Given data
• • • • • • •
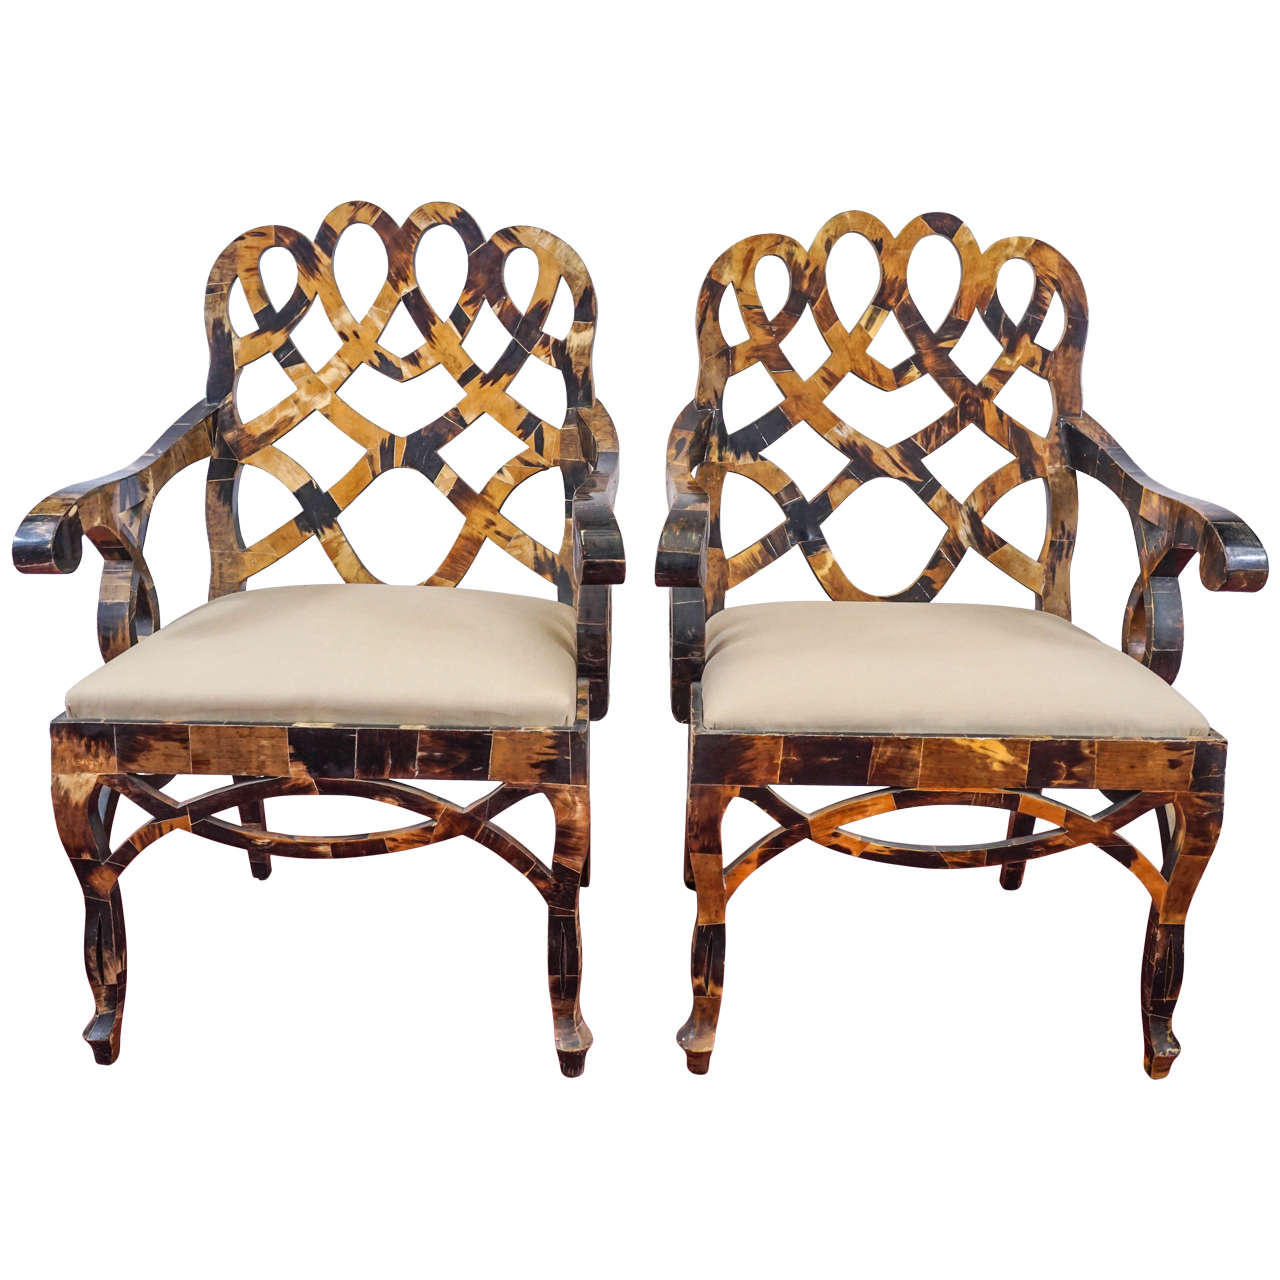 Pair of Tessellated Horn Chairs
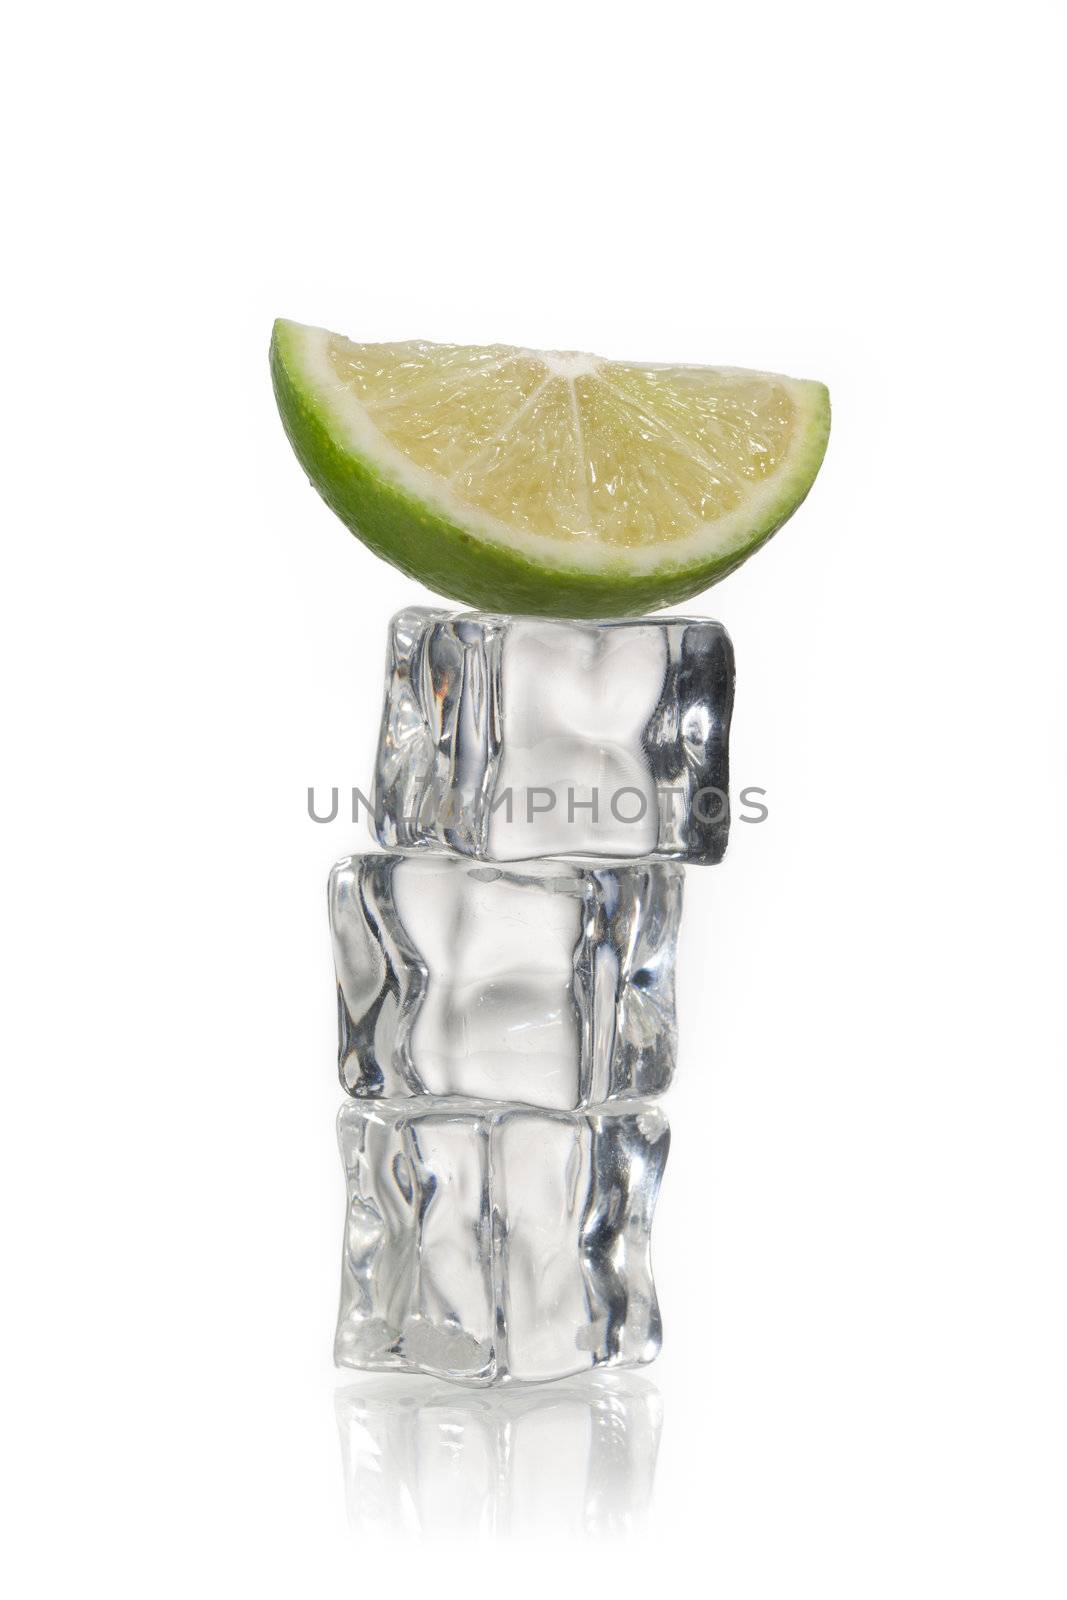 ice cubes with lemon on top on a white background
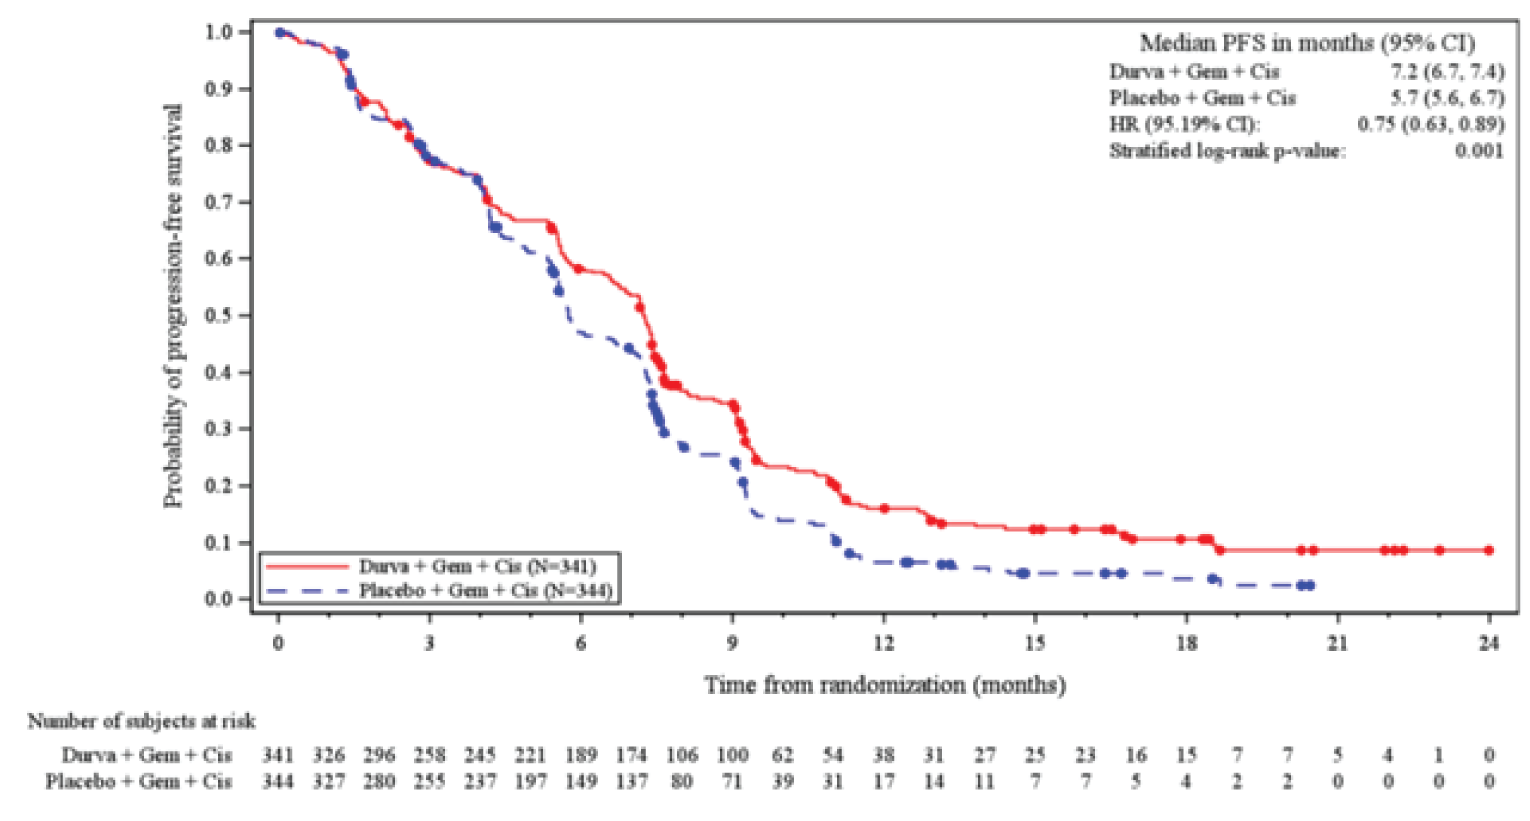 Kaplan-Meier curve for PFS in the FAS at IA-2. Curves began to separate around 4 months, and remained separated throughout the study (24 months). The median PFS with durvalumab + gemcitabine and cisplatin was 7.2 months (95% CI, 6.7 to 7.4 months) and 5.7 months (95% CI, 5.6 to 6.7 months) with placebo plus gemcitabine and cisplatin.
• • • • • • •
Produce a verbatim transcription of every line in the listing, images omitted.

Exercise response
 Pair of Tessellated Horn Chairs
 ice cubes with lemon on top on a white background
 Kaplan-Meier curve for PFS in the FAS at IA-2. Curves began to separate around 4 months, and remained separated throughout the study (24 months). The median PFS with durvalumab + gemcitabine and cisplatin was 7.2 months (95% CI, 6.7 to 7.4 months) and 5.7 months (95% CI, 5.6 to 6.7 months) with placebo plus gemcitabine and cisplatin.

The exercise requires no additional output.